The invariably awkward partner the UK was more amenable to new EC policies as a result of the solution of its budget problem in 1984. The other factor was that the single market fitted with the prevailing conventional wisdom over economic policy. The paradigm shift in economics that began in the early 1970s had resulted in the almost complete ascendancy of monetarist theory and the desirability of free markets brought about by deregulation. From 1945-70 Keynesianism dominated with governments convinced that their intervention in the economy was enhancing economic welfare.
Monetarism suggested that governments should refrain from intervention and ensure that markets were as competitive as possible. Crucial in this respect was the conversion of the Mitterand government in France which started its term of office with a socialist interventionist programme but as a result of a series of macroeconomic crises completely changed its economic policy orientation. Economic Theory Theory of customs unions: the elimination of tariffs and quotas was largely completed in 1968, so it was non-tariff barriers that were to be eliminated by the Internal Market Programme.
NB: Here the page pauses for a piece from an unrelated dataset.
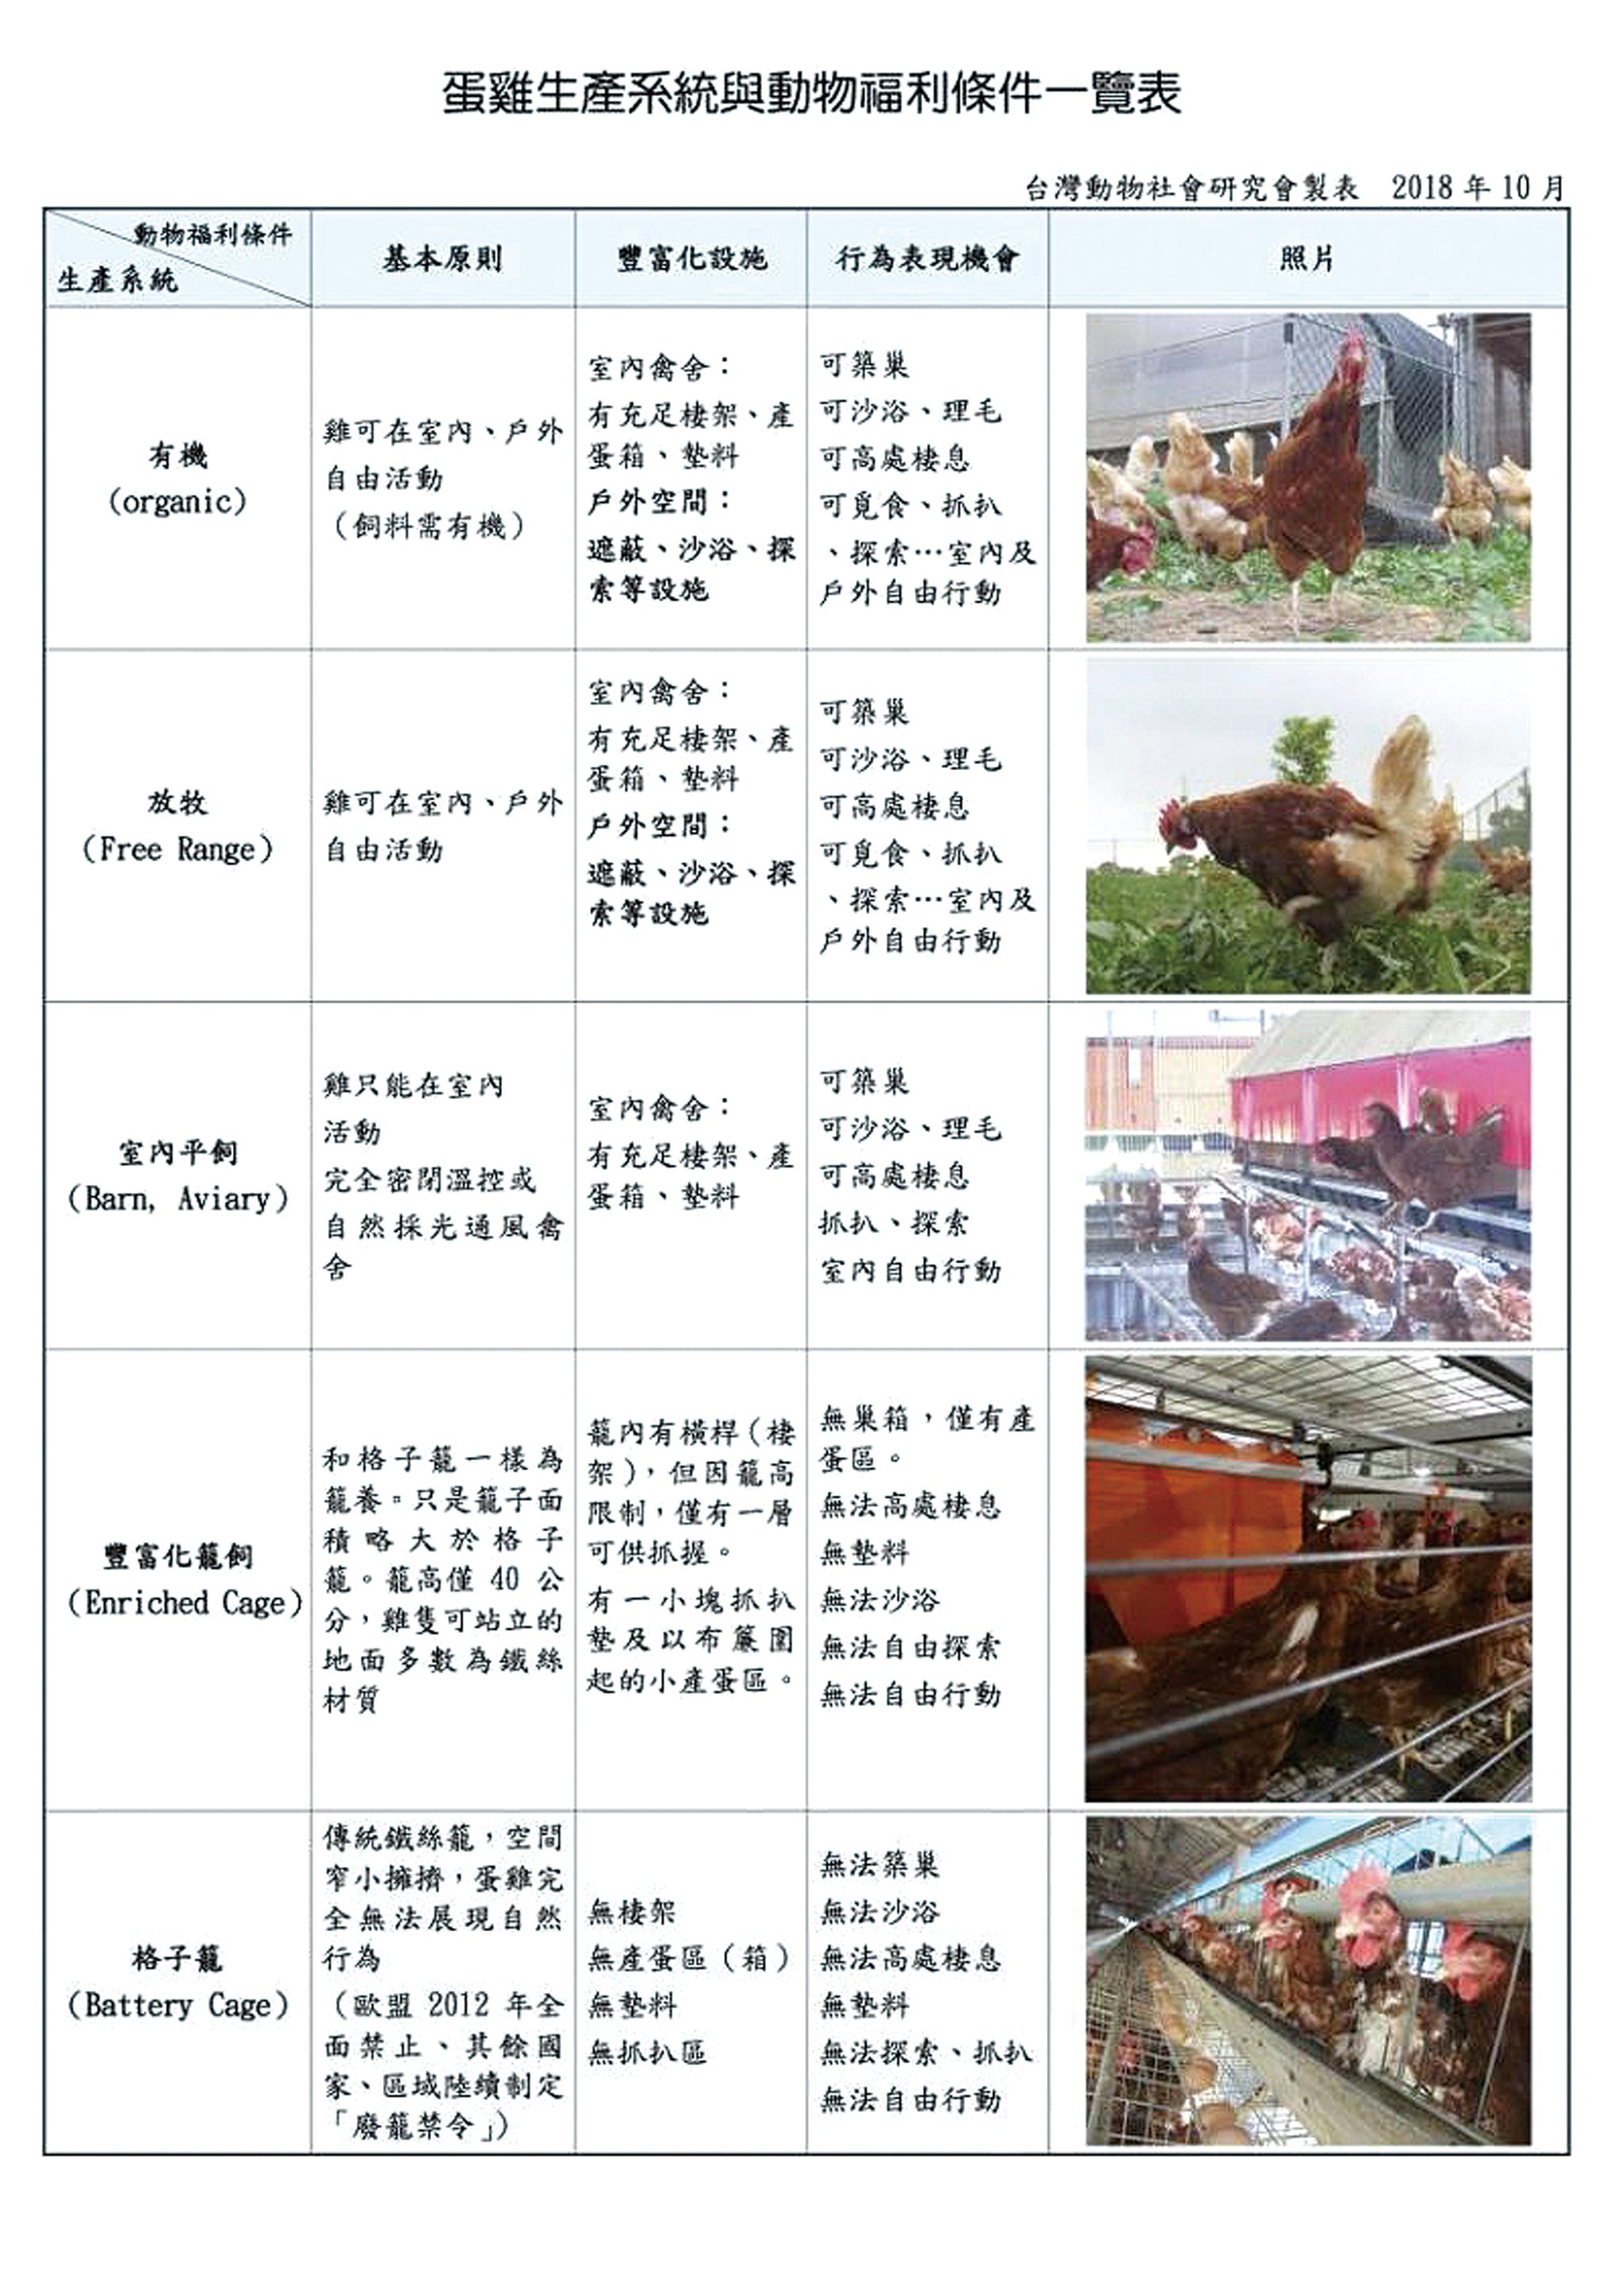 蛋雞生產系統與動物福利條件一覽表。
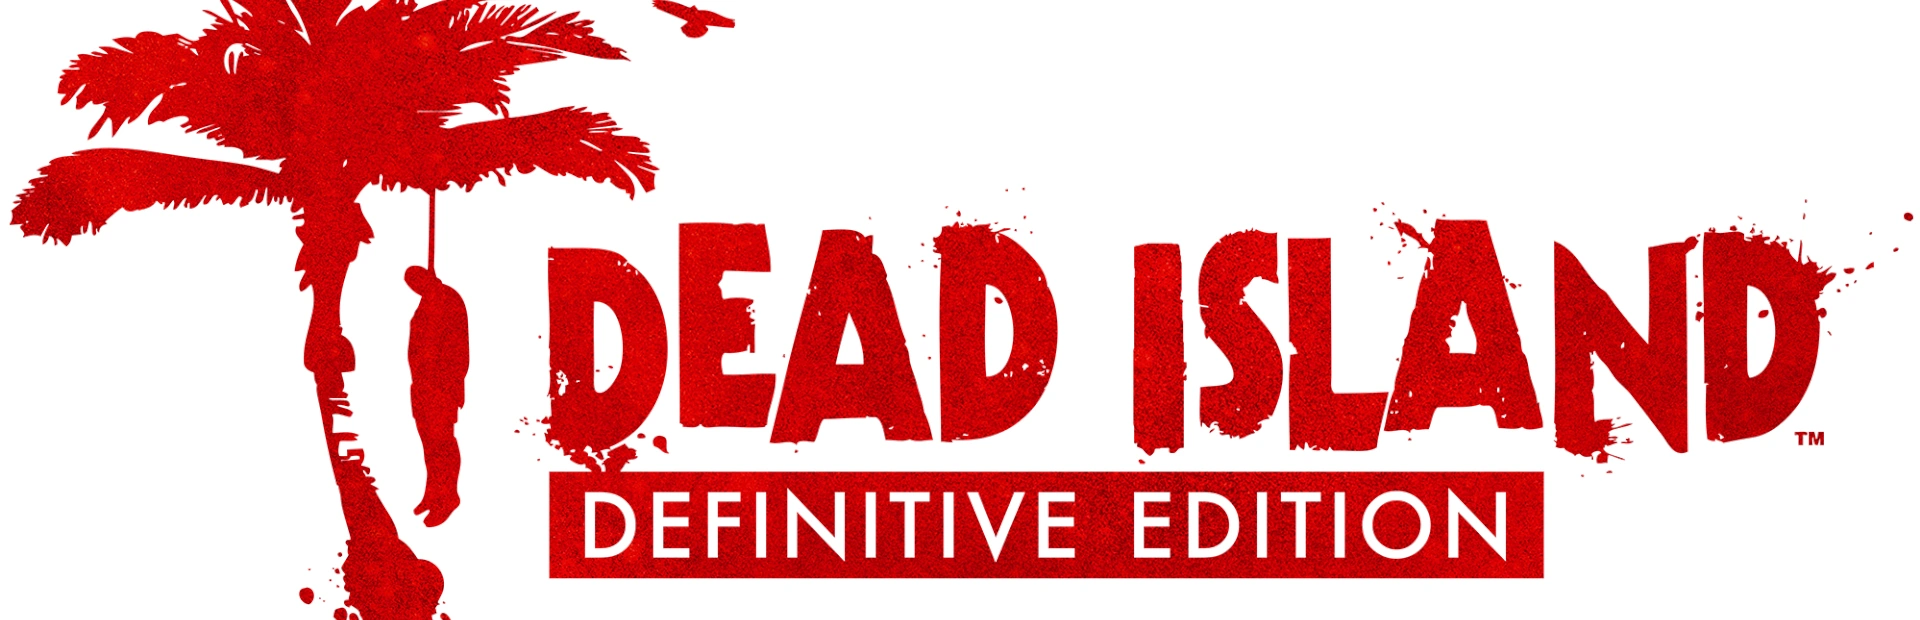 دانلود بازی Dead Island Definitive Edition برای PC | گیمباتو

This intensification of economic integration would lead to static and dynamic effects, as explained in Lecture 2. There were reasons to expect that the economic impact of this intensification of economic integration would be large. These were to do with the nature of non-tariff barriers and the effects of their elimination. Non-tariff barriers: Any non-tariff government policy measure, which intentionally or unintentionally alters the amount or the direction of trade.